I used to bid exclusively federal work and had to deal a lot with MBE, DBE, WBE, and VBE (Veteran owned). Here is my take on what ones are worth getting.... (I'm not going to voice my opinion if they are good or bad)

- DBE ...also know as small business is useful for small GC's or companies that will contract directly with the owner. The contracts are usually set up specifically for small business where larger firms cannot bid against them. 

- MBE is the hardest quota to hit from a GC bidding standpoint. The required percentage is always the largest percentage required, and has the smallest pool of reputable firms. As a GC this is where you win a job. You have to get good pricing from enough MBE firms. Often I will carry a MBE firm with a higher number than other subs only because I have to hit that percentage. 

- WBE is the easiest to get (because so many guys put the company in their wife's name). It is usually a small percentage required. I never had an issue hitting a WBE goal. 

- VBE or Veteran owned company I've never seen on a bid form as a requirement.
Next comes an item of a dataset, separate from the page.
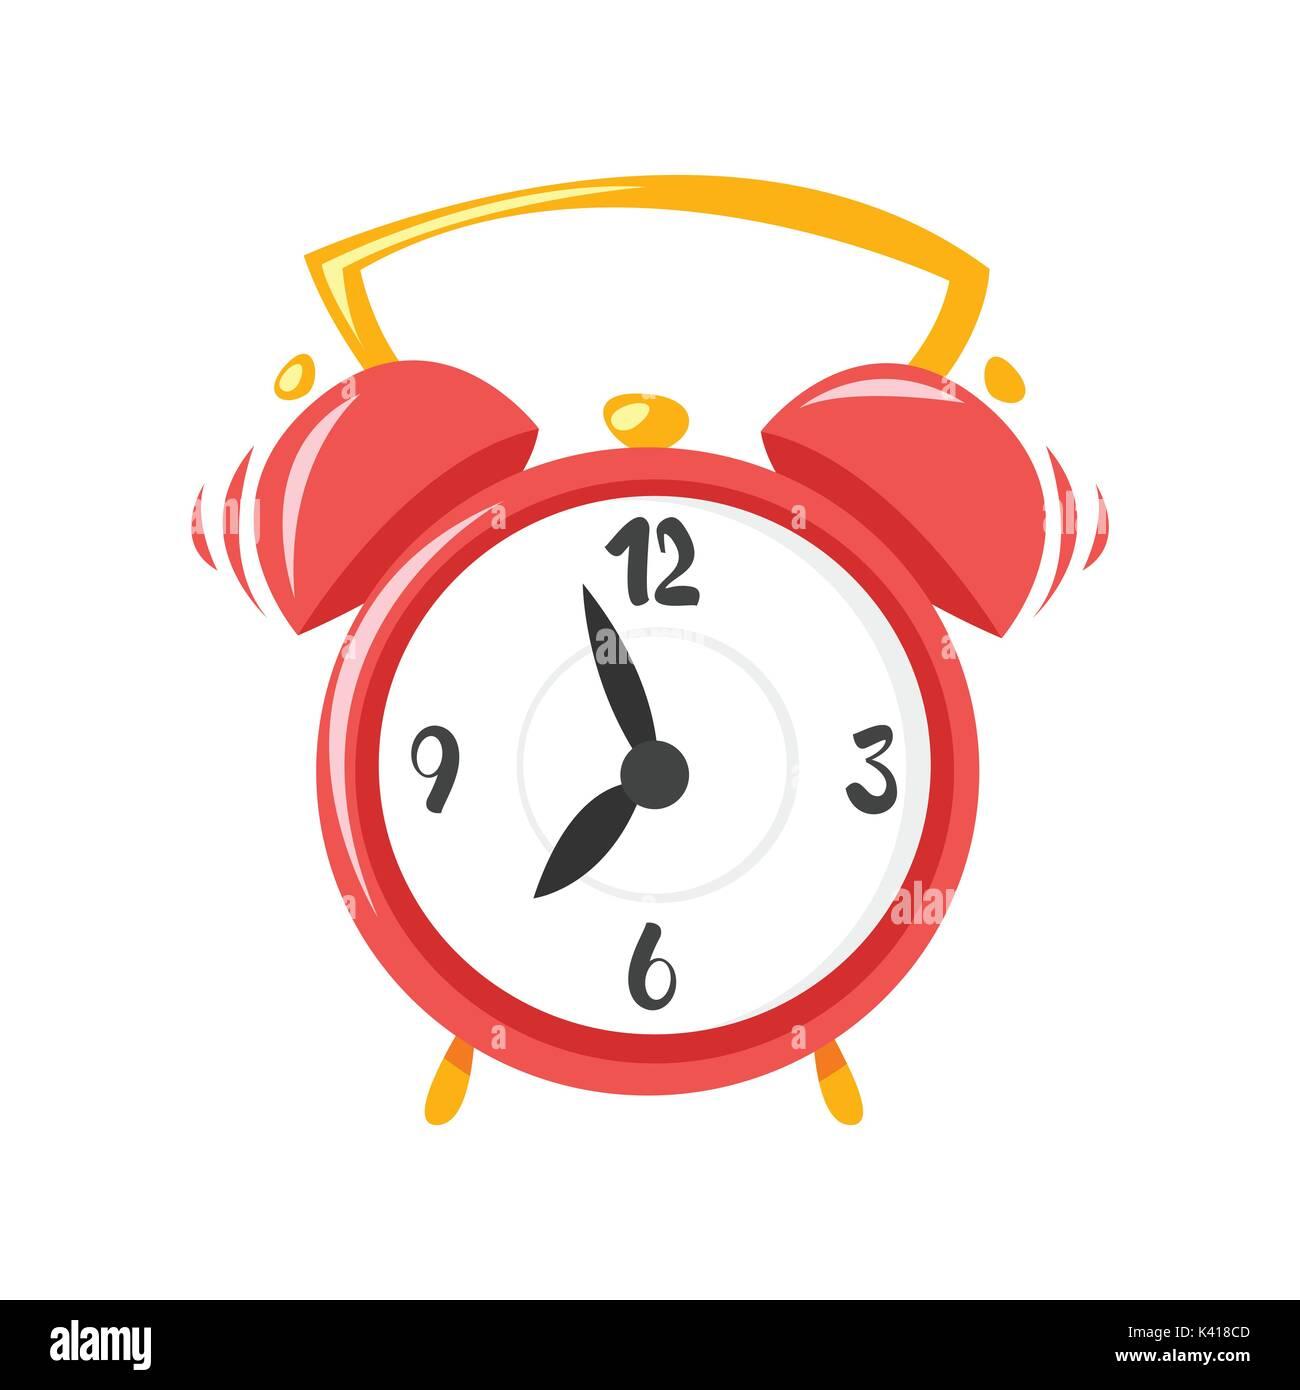 Vector cartoon style illustration of alarm clock  Icon for
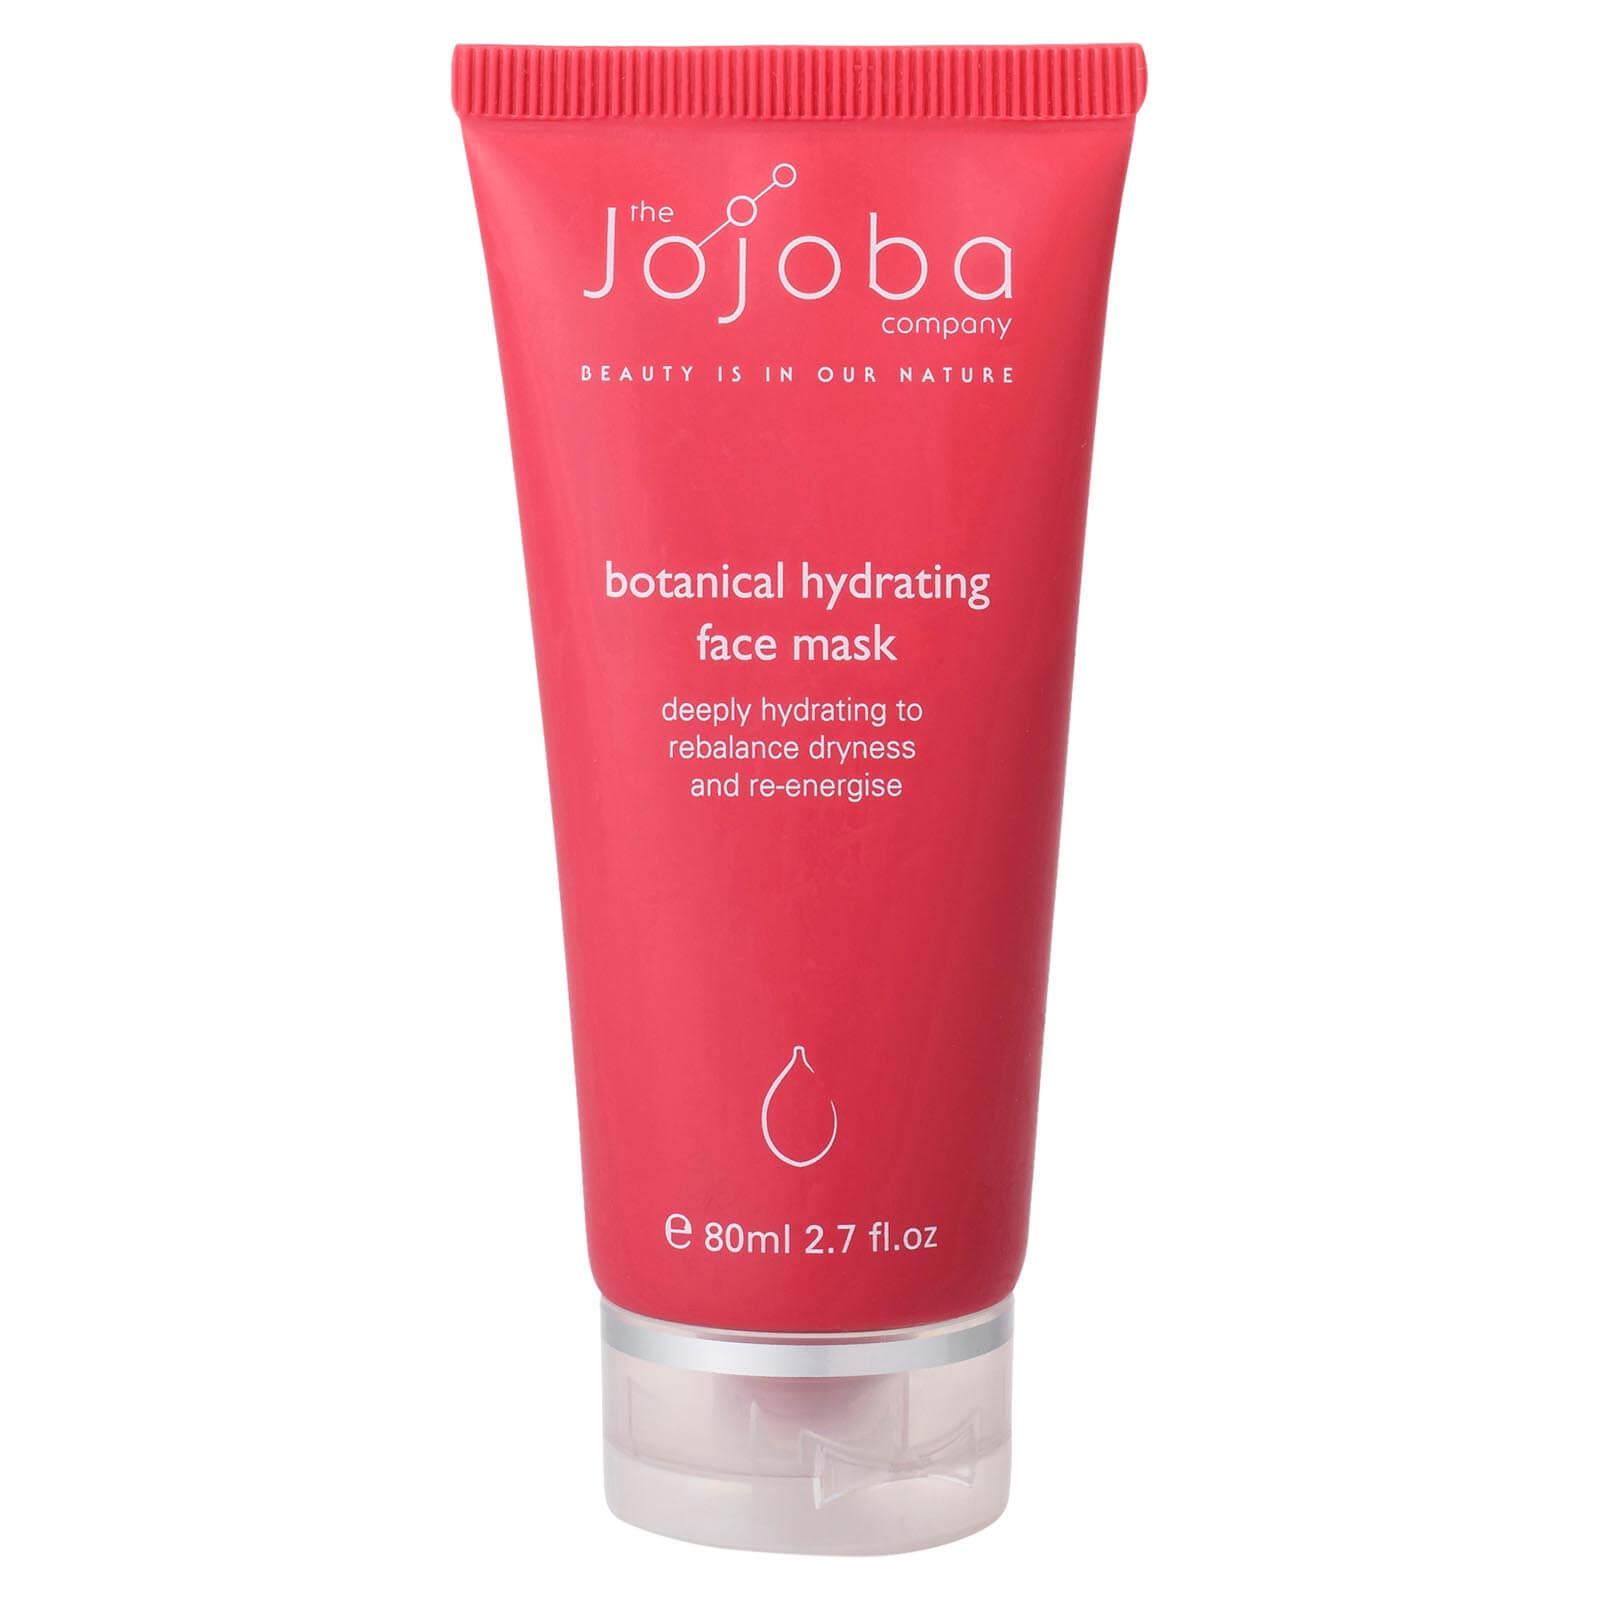 The Jojoba Company Masque Visage hydratant Botanical Hydrating Face Mask The Jojoba Company 80ml

Which means it doesn't help me get the job or hit my goals. 


One big problem is that there are multiple certifying agencies..... And if you aren't certified for the correct one you don't count toward the other job. If I was a trucking company running dirt I would try to get MBE certified. If you can't get MBE I wouldn't bother with anything else.


----------



## Ljtrucking (Jul 10, 2014)

Did you mean WBE certified? I will be running one truck to start off until I can get jobs more so best one to get certified for is..? Can you be certified for more than one?


----------



## mrcharles (Sep 27, 2011)

Ljtrucking said:


> Did you mean WBE certified? I will be running one truck to start off until I can get jobs more so best one to get certified for is..? Can you be certified for more than one?



If you are going to go for WBE (Women business enterprise) I wouldn't bother. Everyone and their mother has this certification. 

If you can qualify for MBE (Minority business enterprise) it might help you get work. 51% of the company must be owned by a person other than Caucasian. 

Yes you can be certified for more than one. The certifications are not cheap, and they require renewal fairly frequently.


----------



## dayexco (Mar 4, 2006)

the D.O.T, FHA, FMHA CDBG jobs i've bid require a good faith effort in soliciting bids from mbe's, dbe's, wbe's..we have always sent registered letters to subs that are listed in the DOT directory requesting sub bids. some submit, many do not. we also keep their proposals for 5-6 years in case of an audit. you are not forced into using an mbe, etc. if their proposals are out of line price wise. you just need to be able to document your "good faith effort" in soliciting bids from, and hiring those firms.

here's a great FAQ site that will answer a lot of your questions.

http://www.dot.gov/osdbu/disadvantaged-business-enterprise/official-questions-and-answers-26


----------



## owattabuilder (Sep 2, 2013)

many jobs have MBE, DBE targets for them. so that will give you an advantage as long as your pricing is in line with other trucks doing the same thing. most jobs that will require this will be prevailing wage. I avoid them as the extra money I can get per hour does not cover the extra cost of my drivers. If you are an owner operator, these are great jobs as you can get more for your truck per hour and you are not bound to pay yourself the prevailing wage as an owner of the company. AS said before, If your wife is set up as 51% owner, She also needs to perform management duties to meet the DBE requirement. for us, the paperwork and additional cost make it not worth messing with.


----------